Taking the line that contains "Rome Hop On Hop Off Bus Tour Route Map" as the start and the last line of the data as the end, repeat exactly every line in that span, but no pictures.

-- SOURCE DATA follows --

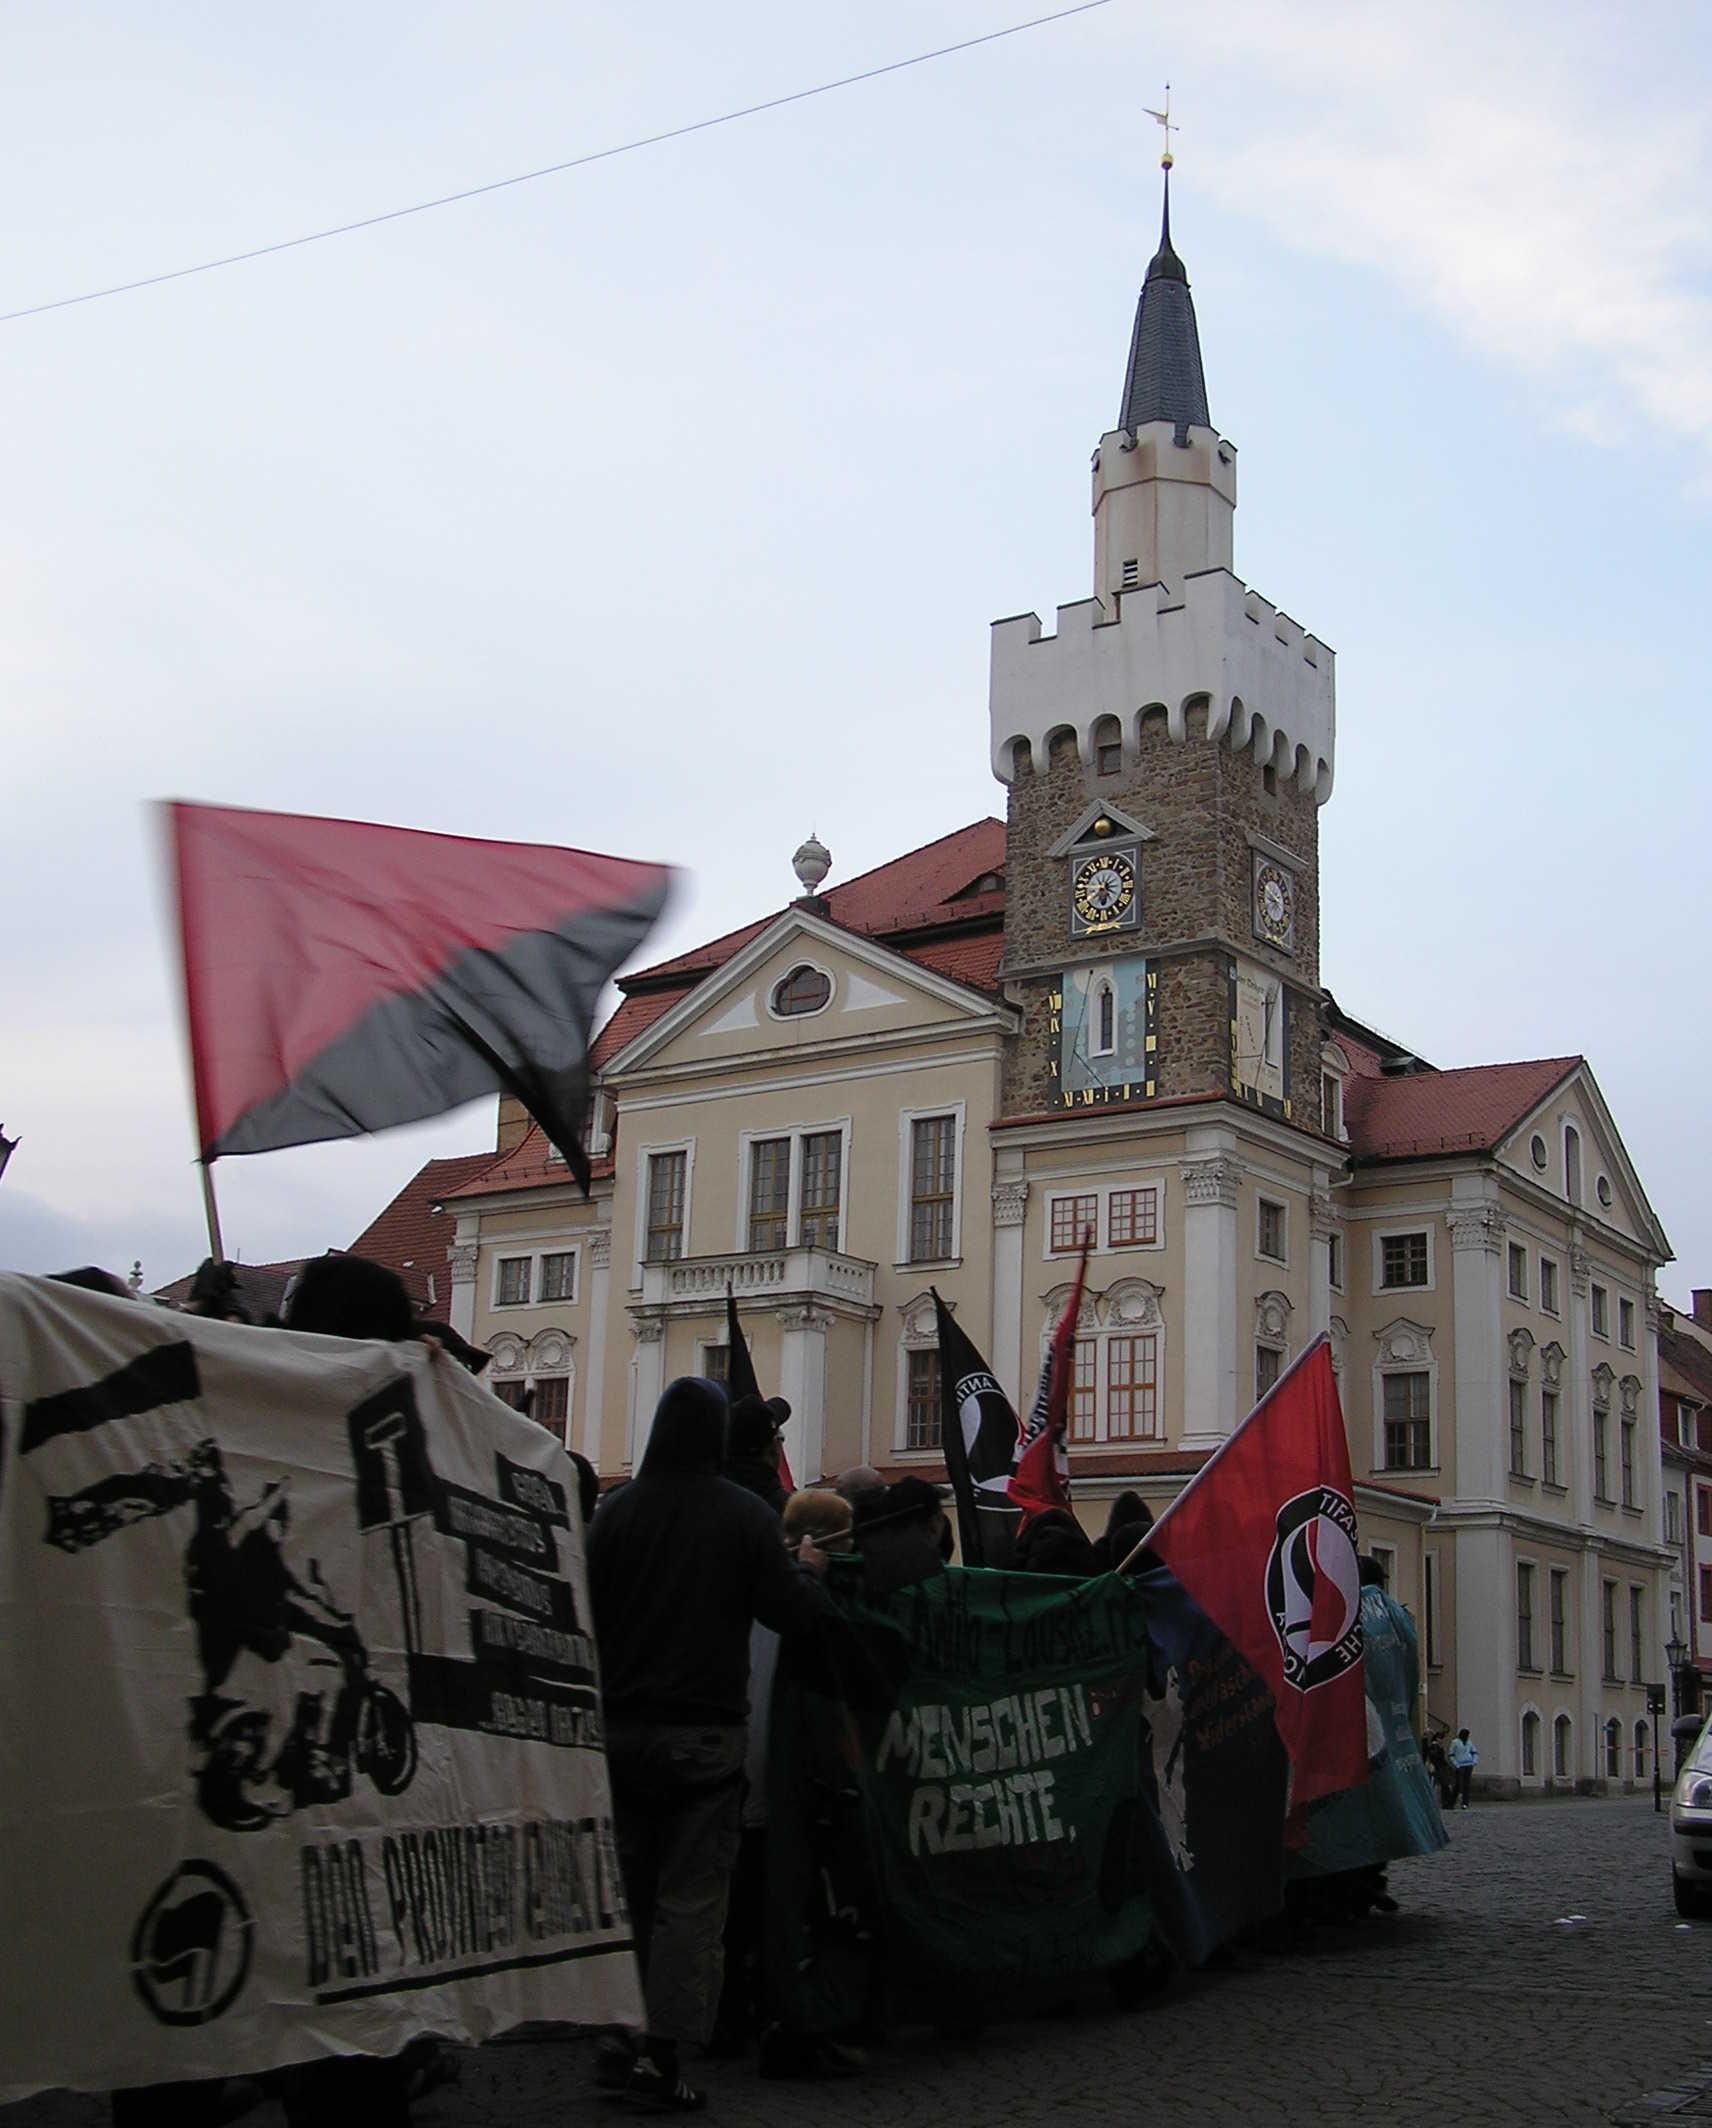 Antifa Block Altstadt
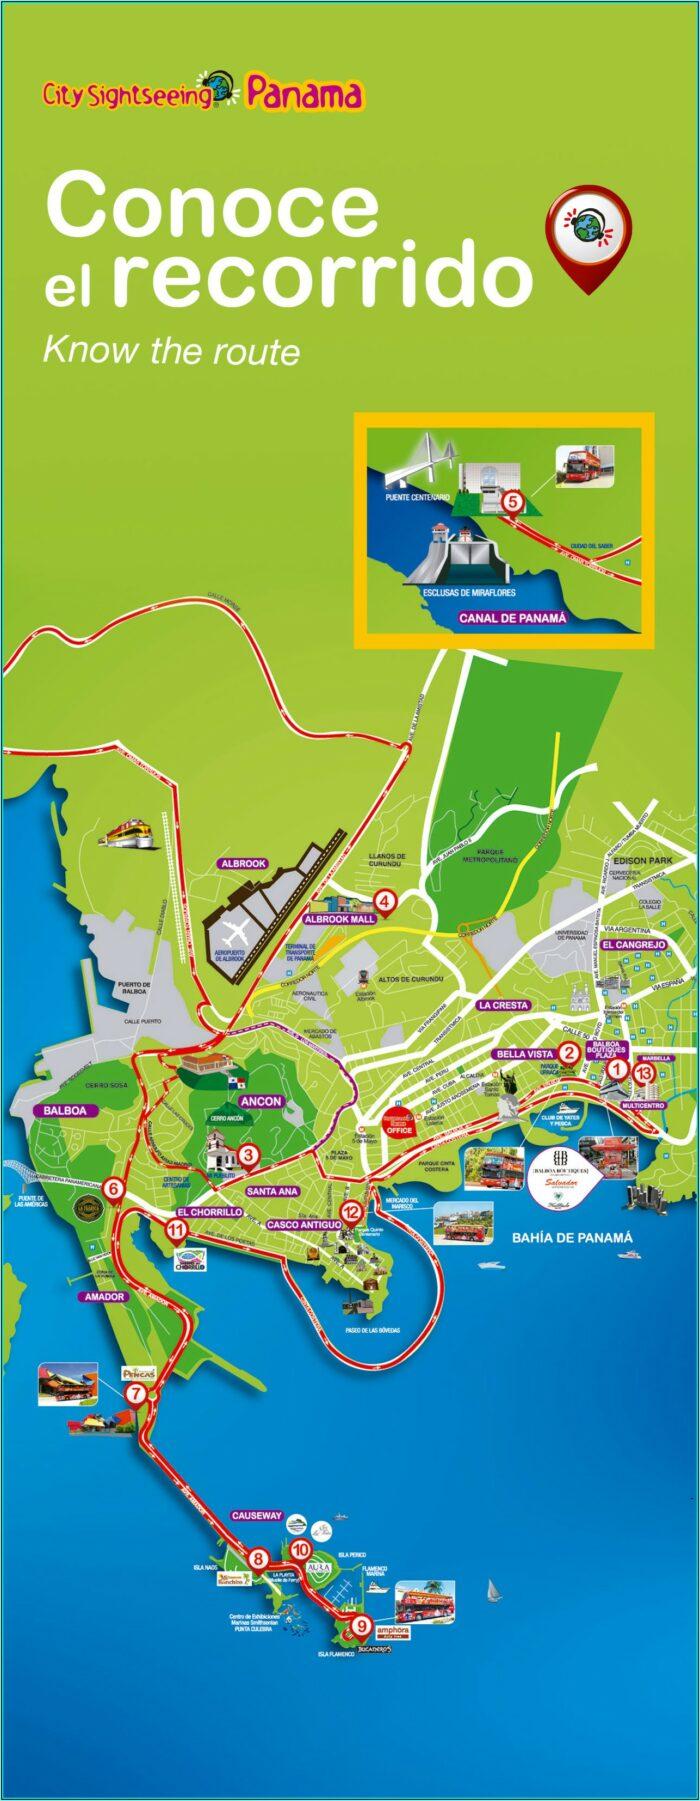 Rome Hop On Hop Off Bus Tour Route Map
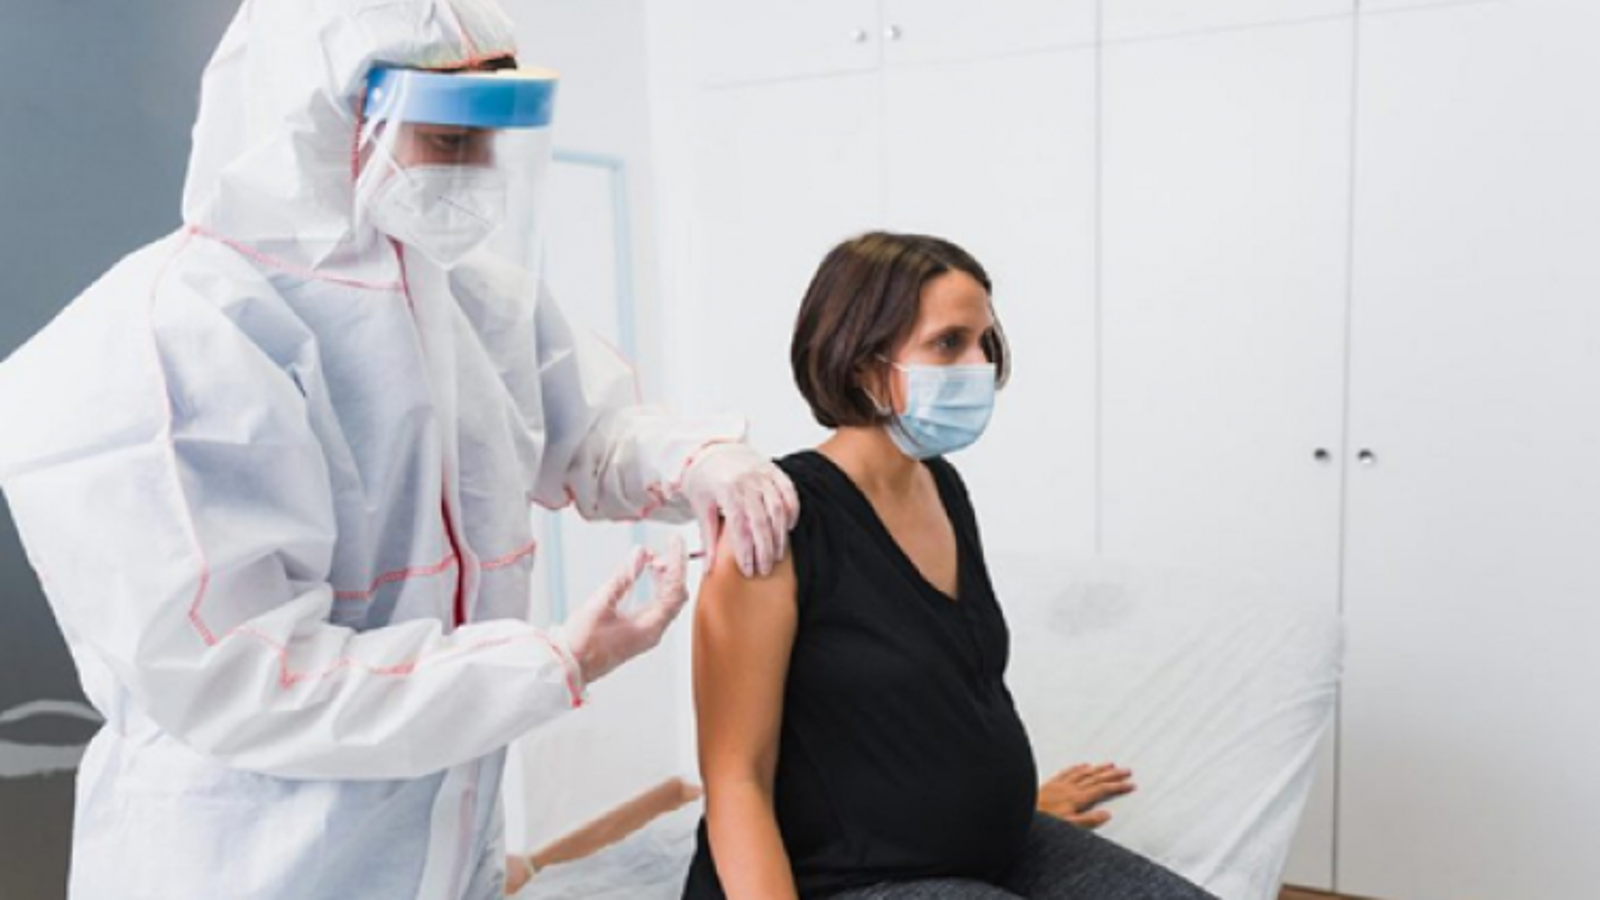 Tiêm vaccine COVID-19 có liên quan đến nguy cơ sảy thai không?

-- SOURCE DATA concluded --

● **COMPLETED TASK**
 Rome Hop On Hop Off Bus Tour Route Map
 Tiêm vaccine COVID-19 có liên quan đến nguy cơ sảy thai không?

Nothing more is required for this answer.